All in all, having a healthy pregnancy and baby in your late 30s is achievable, either naturally or with IVF, but only to a degree. I know that sounds really trite, but if you have had two healthy pregnancies and babies already and are now struggling, it can be hard ti wrap your head around that prior success does not guarantee same results. Good luck.
Anonymous
Well, you could have a lot more pain and disappointment in the future so do not make the decision because you've done all this so far.

I'd stop Op. Turn over a new leaf. Re-commit to 2
Anonymous
I can only guess what I would do in your shoes here, coming on the heels of my first loss at 39. I would probably give myself a time limit to pursue this and then stop if unsuccessful.

I'm really sorry for your losses, OP.
Anonymous
I'm sorry for your losses, OP. Personally I stopped after 3 miscarriages (I have one child) because the cycle of TTC, hope, loss, and treating the miscarriage was too hard.

I did not want to do fertility treatments, in part because they are also hard and in part because I felt I was "pushing my luck" trying to get pregnant at 39-40. You're a bit younger and I think the opposite decision on fertility treatments is reasonable / would have been reasonable at my age.
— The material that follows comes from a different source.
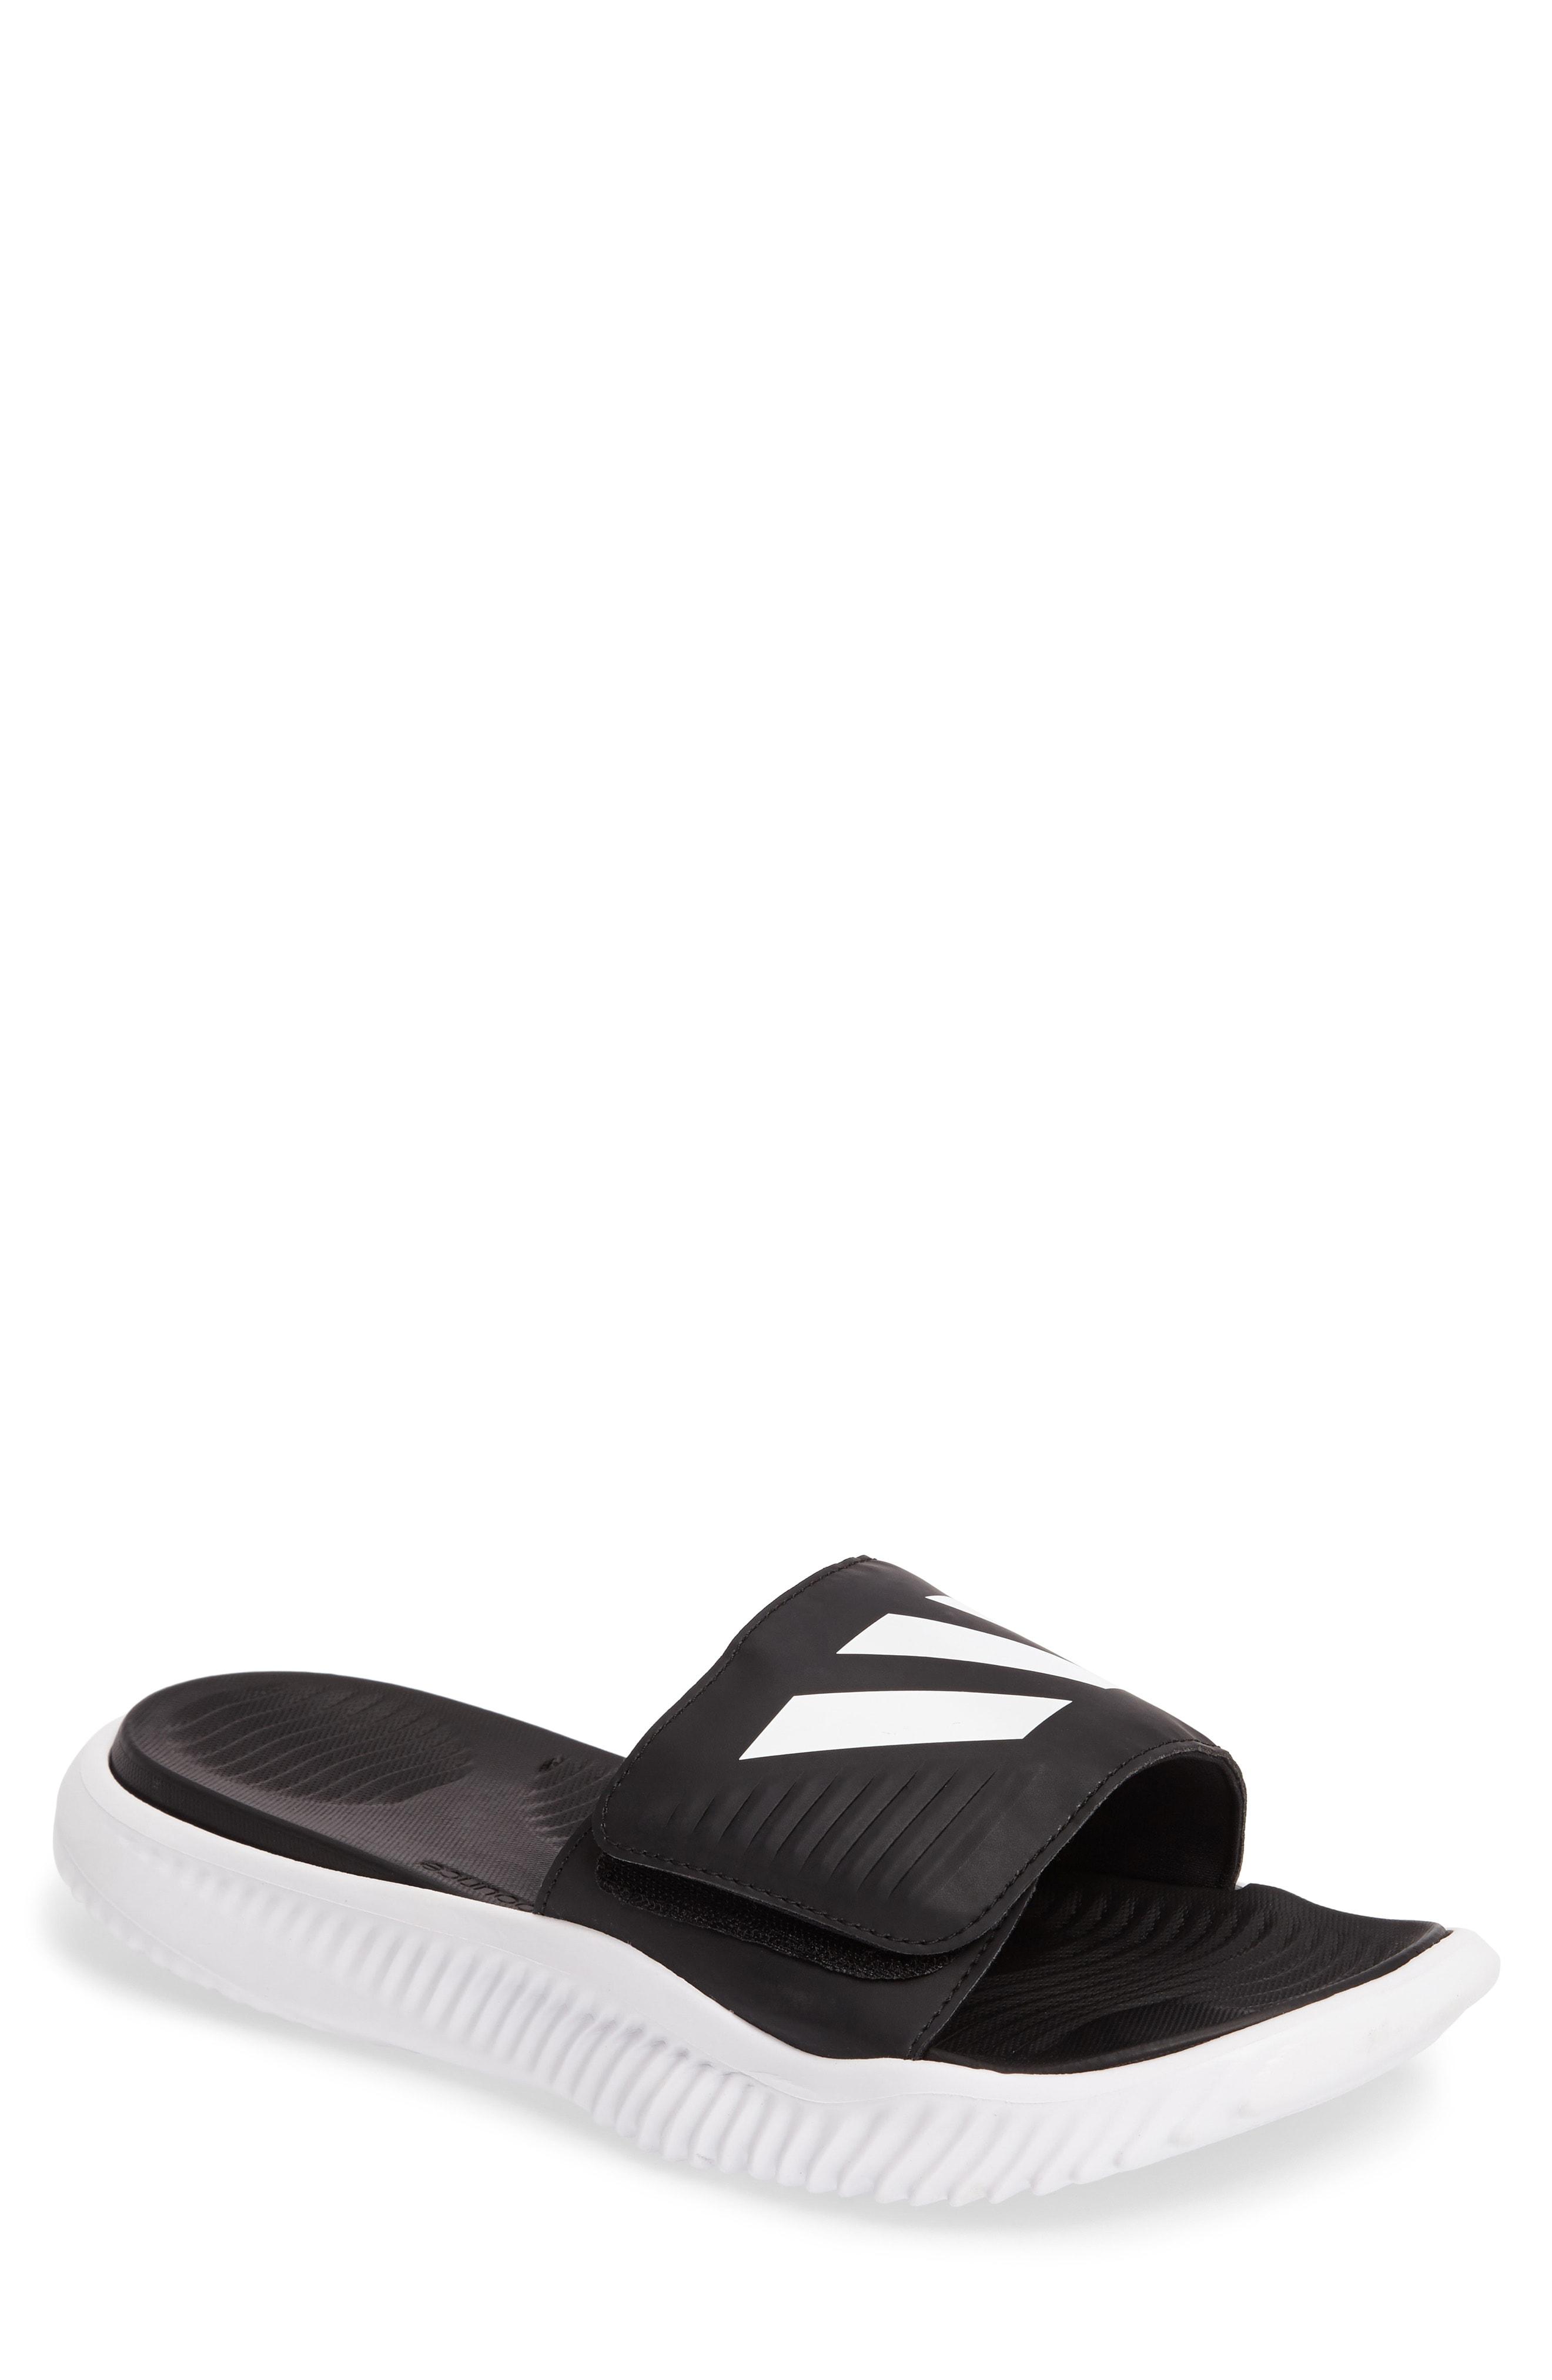 74aaec181cad Adidas Originals Alphabounce Slide Sandal In White Core Black White ...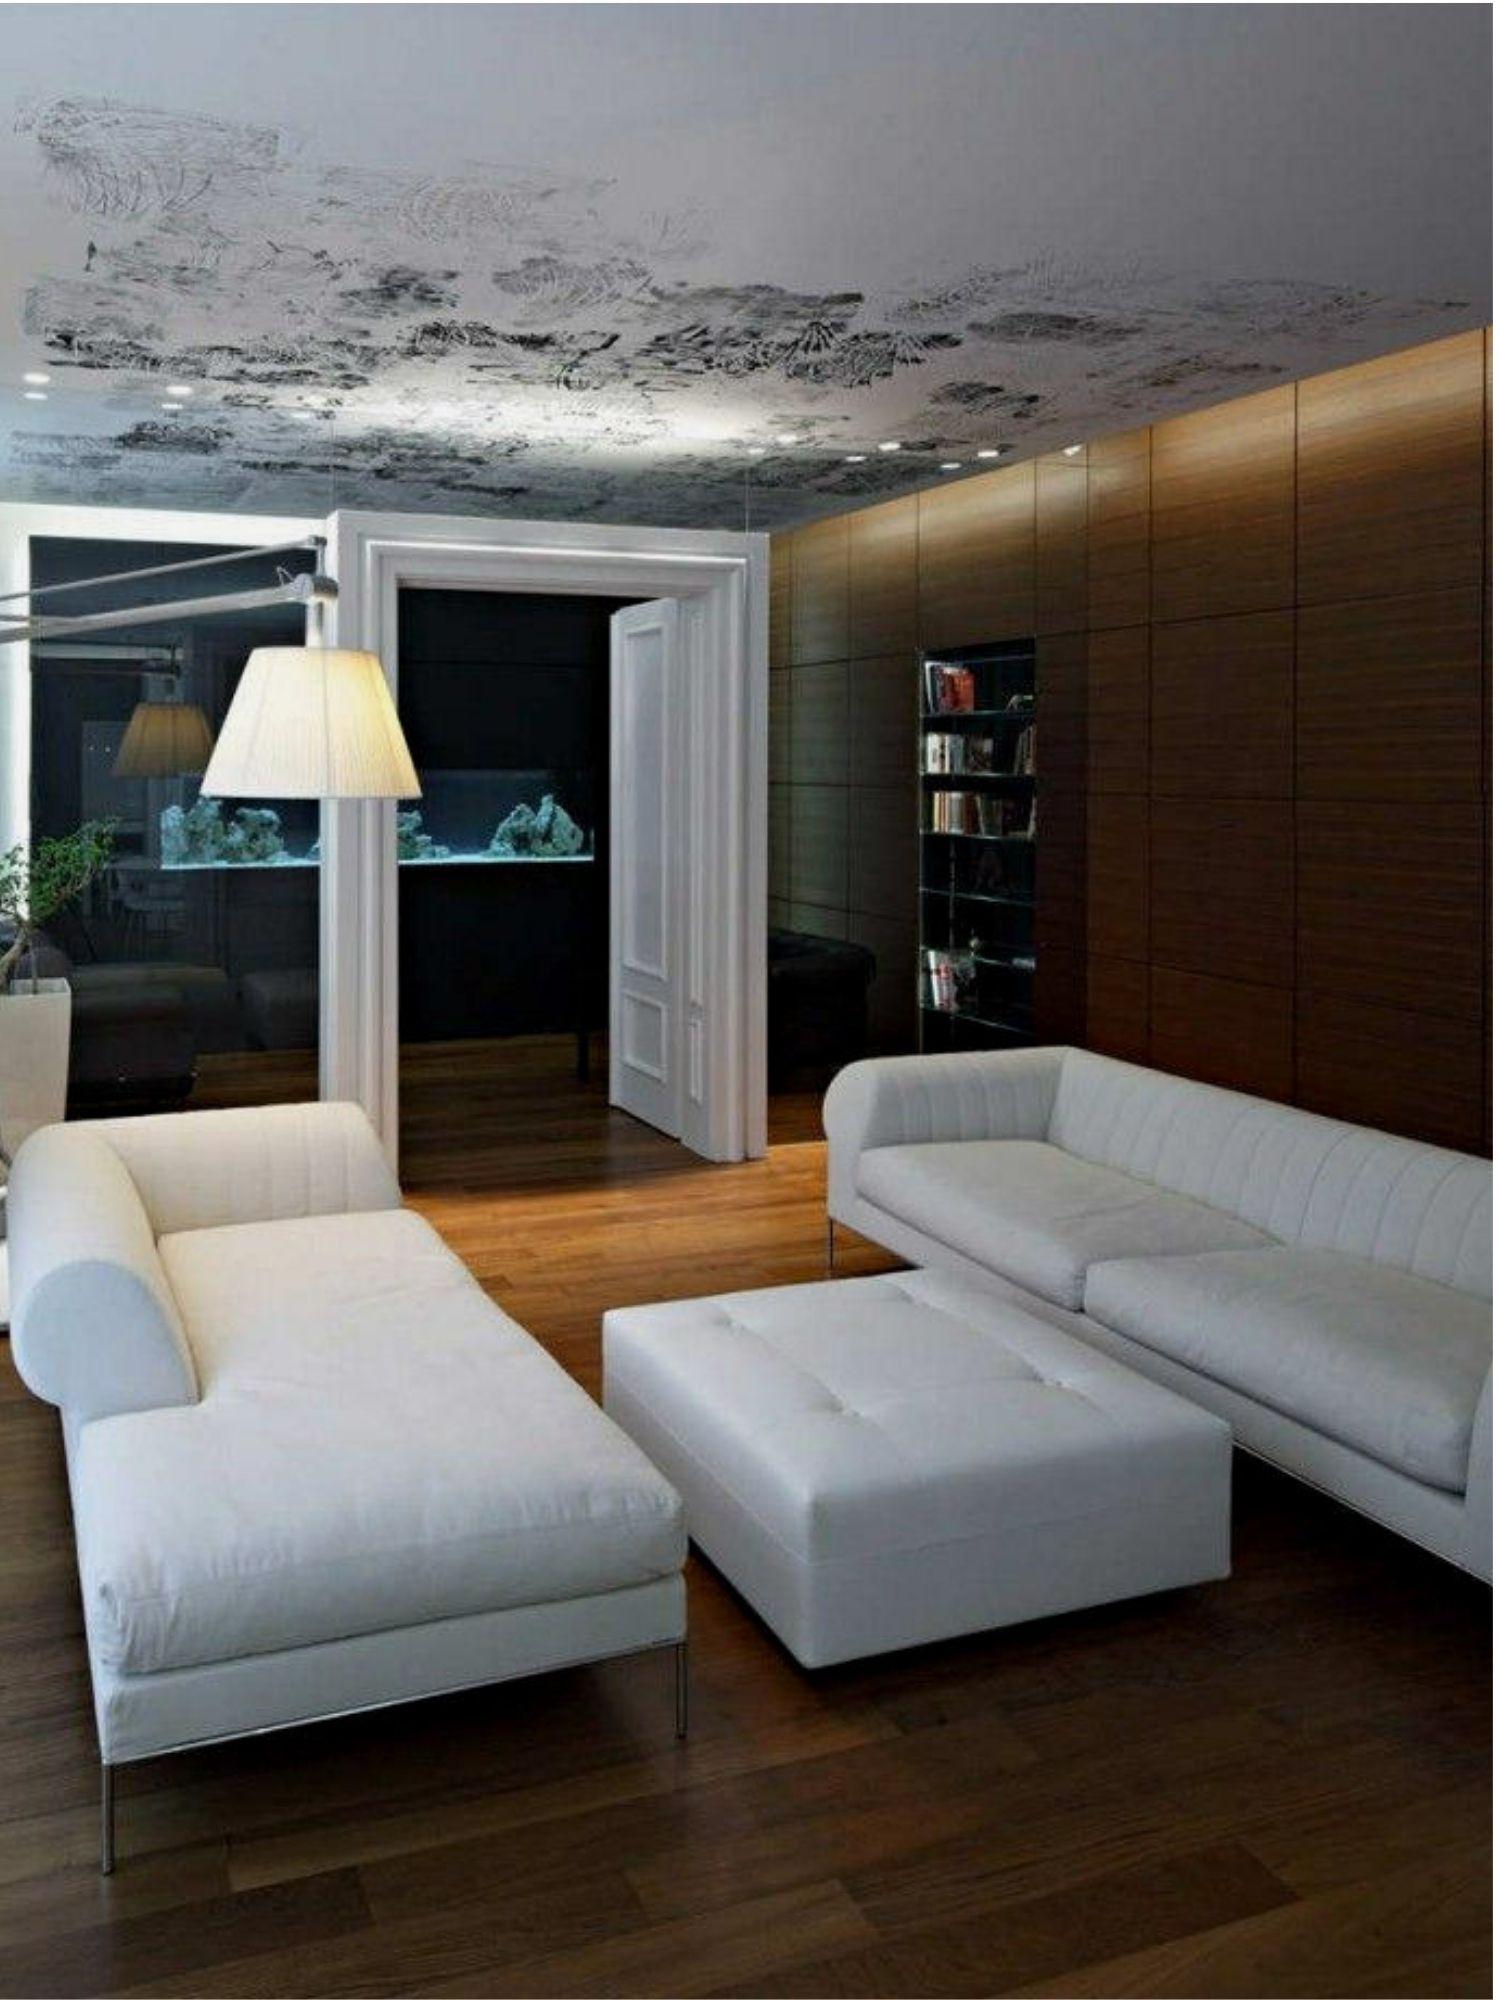 Top 7 Modern Interior Design Concepts Interior Design Modern Interior Design Interior Design Concepts

But just personally, I never wanted to do it.
Anonymous
I’m sorry OP. I could have written this post, the same happened to me.
I also had a full work up and no answers.
I was 34 with two kids. I had been so invested in a third,
But I decided to stop. And now. I really am glad I did. As my kids grew, they needed me even more and I feel like a third would have drastically changed their life. I think only you can decide what you
Want but give yourself permission to think about stopping.
I’m just a stranger on the Internet but I have been there and it was so hard, I hope you get the support
You need.
Anonymous
I think you need to rule out horses before looking for zebras.

Have you had a basic blood work up recently- check thyroid, anemia, etc?
Anonymous
I’m so sorry OP. I have been down this road and it is rough. Please ask to have your thyroid checked. The range of normal for day to day purposes does not perfectly overlap with the optimal range for ttc and carrying a baby. I needed thyroid medication. After that one adjustment I went on to have 2 more healthy pregnancies after suffering 5(!) m/c after my second child.